Стояла теплая июльская ночь. Отчетливо вырисовывались сделанные известью белые полосы, отделявшие тротуар от мостовой, служившие ориентиром для шоферов и водителей троллейбусов. «Цок, цок, цок» — цокали по булыжникам каблуки патрульных. Мы шли по Большой Якиманке. Я шел медленно, стараясь продлить удовольствие.
Посередине улицы протопал взвод солдат с узелками под мышками. «В баню идут», — догадался я и сказал вслух:
— Скоро и мне так.
— Не хочется? — спросила Зоя. Мне почудилось в ее голосе сочувствие.
— Хочется, — признался я.
Зоя погладила меня по руке.
О чем думала она в ту ночь? Не знаю. Я думал только о ней, ибо понял — влюбился, мечтал изобрести какой-нибудь аппарат, который бы позволил прочитать Зоины мысли. Я чувствовал себя счастливейшим человеком, потому что самая прекрасная девушка на земле шла под руку не с кем-нибудь, а со мной, Георгием Саблиным!
— Поздно уже, — сказала Зоя.
Мы пошли домой. Свернули во двор. Вот он — наш дом-развалюха. Он все приближается, приближается, приближается, и вместе с ним приближается минута расставания — та минута, которой я страшусь: не хочу расставаться с Зоей не хочу, чтобы она уезжала на Урал! В моей душе происходило непонятное, хотелось крикнуть на весь двор: «Зоя, я люблю тебя!» В ту минуту я любил не только Зою — всех, даже дом-развалюху, потому что в этом доме жила «она».

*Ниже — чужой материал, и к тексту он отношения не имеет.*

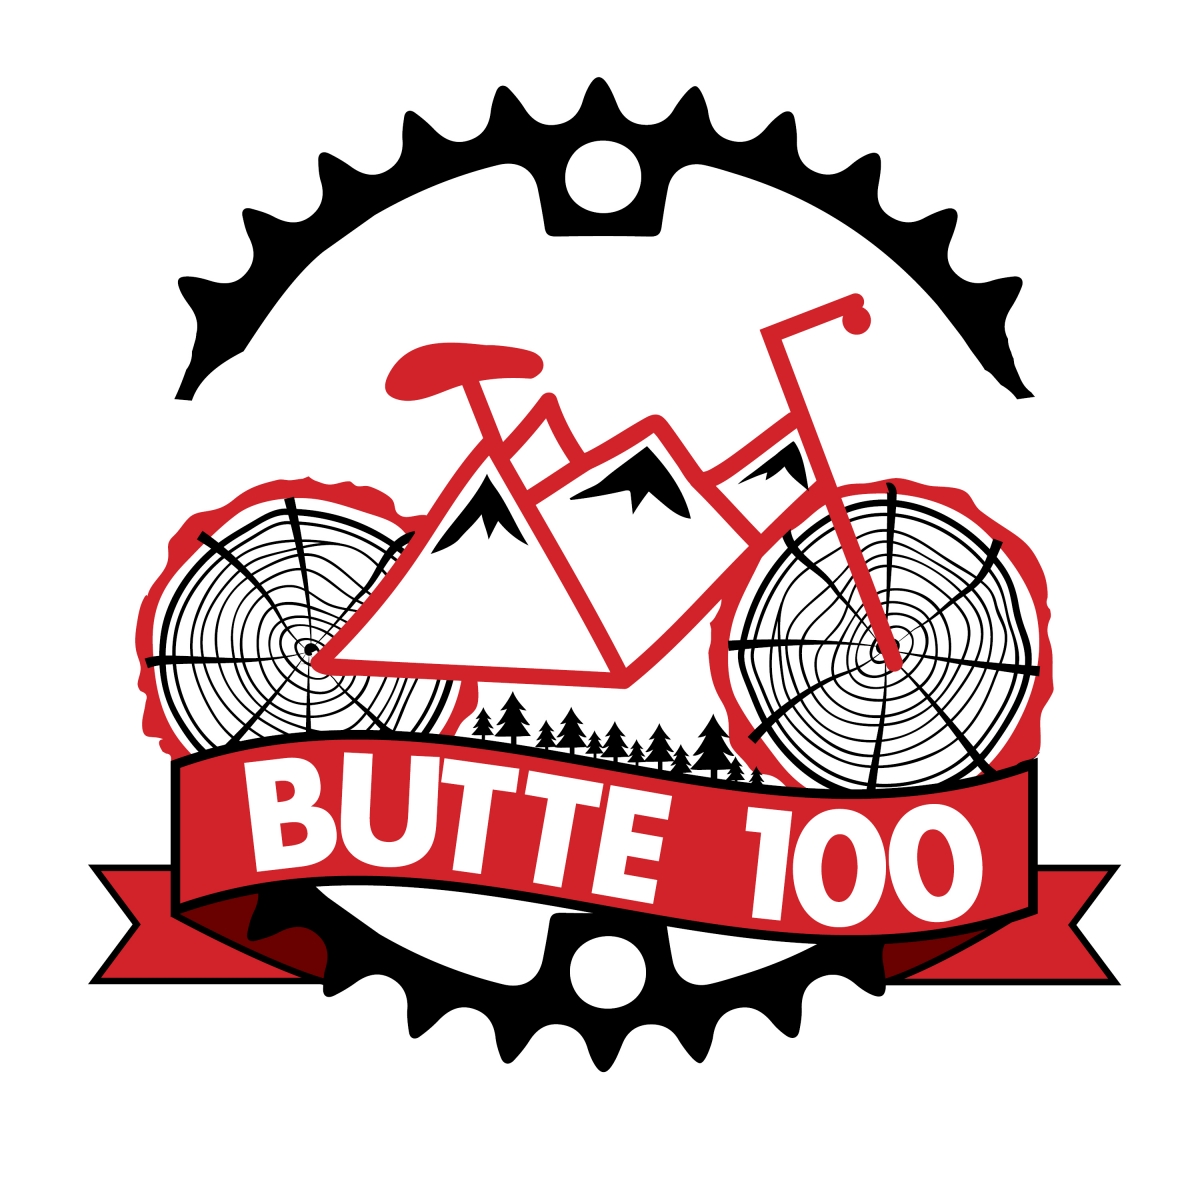 Butte 100 Mountain Bike Races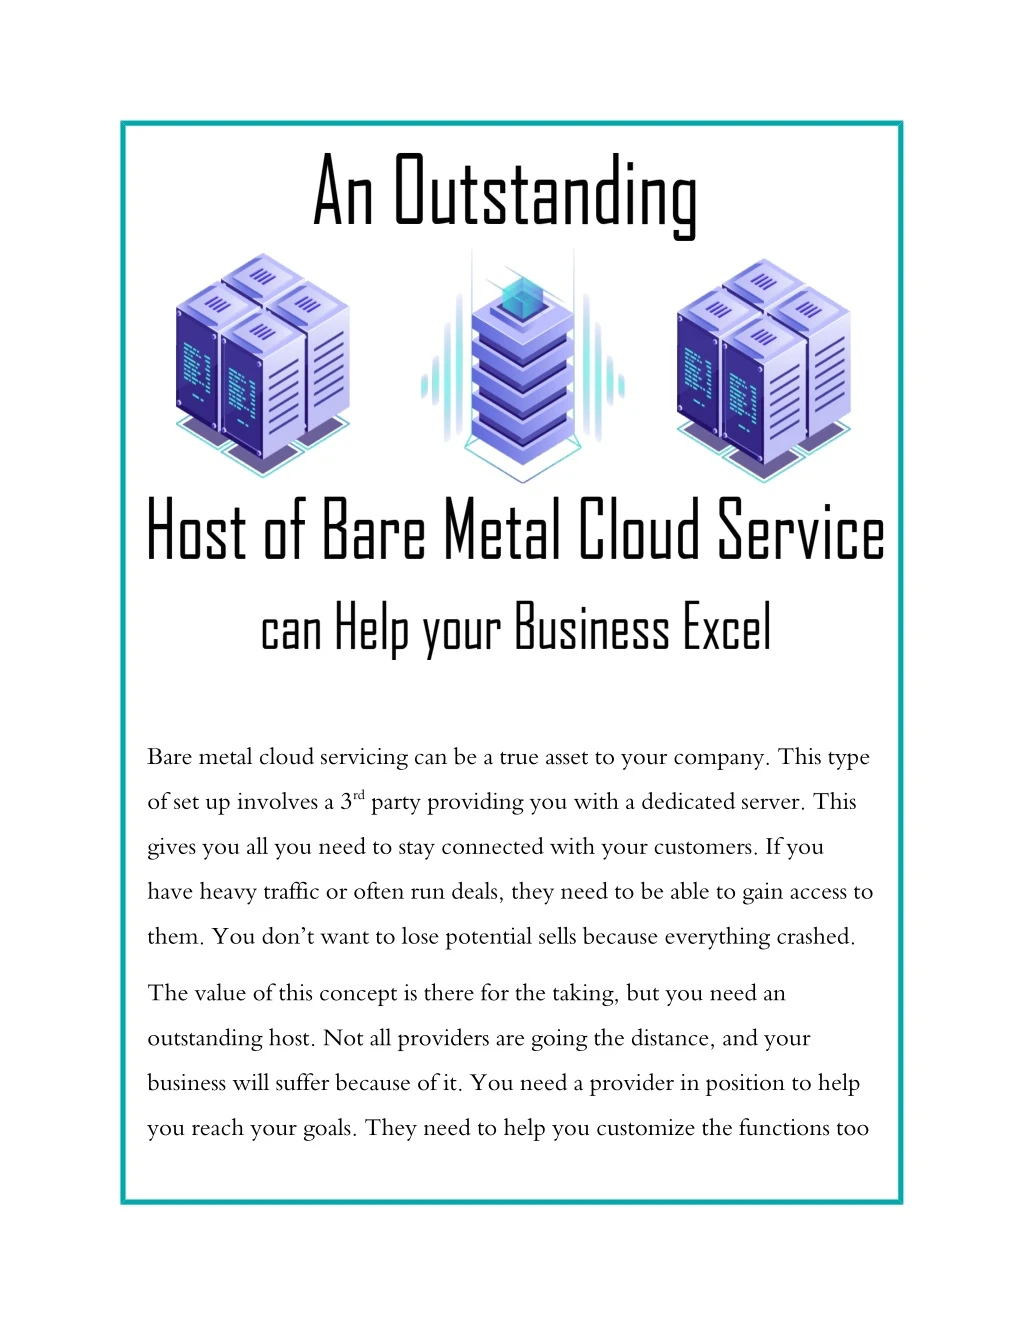 bare metal cloud servicing can be a true asset

Мы вошли в подъезд, пахнувший мышами, плесенью, гнилым деревом.
— Постоим? — сказал я, боясь услышать «нет».
— Да, — ответила Зоя.
Мы стояли долго. Дом спал.
Я сжимал Зоины пальцы, бессвязно лопотал что-то. Хотелось поцеловать девушку, но я боялся разрушить то хорошее и светлое, что возникло между нами.
— Пора! — проговорила Зоя и юркнула за обитую войлоком дверь — потом, после ее отъезда, я часто здесь останавливался, вспоминая это свидание.
Звякнула цепочка.
— Зоя? — позвал я.
— Спокойной ночи, — послышалось в ответ.
— Зоя, — повторил я.
За дверью скрипнуло что-то.
— Зоя, Зо-ой?
Я долго-долго стоял у двери, надеясь на чудо.
Чуда не произошло. Рано утром, когда я еще спал, Зоя уехала. Писала она часто. Ее письма были немногословны, но в конце каждого стояло «твоя». Это меня окрыляло.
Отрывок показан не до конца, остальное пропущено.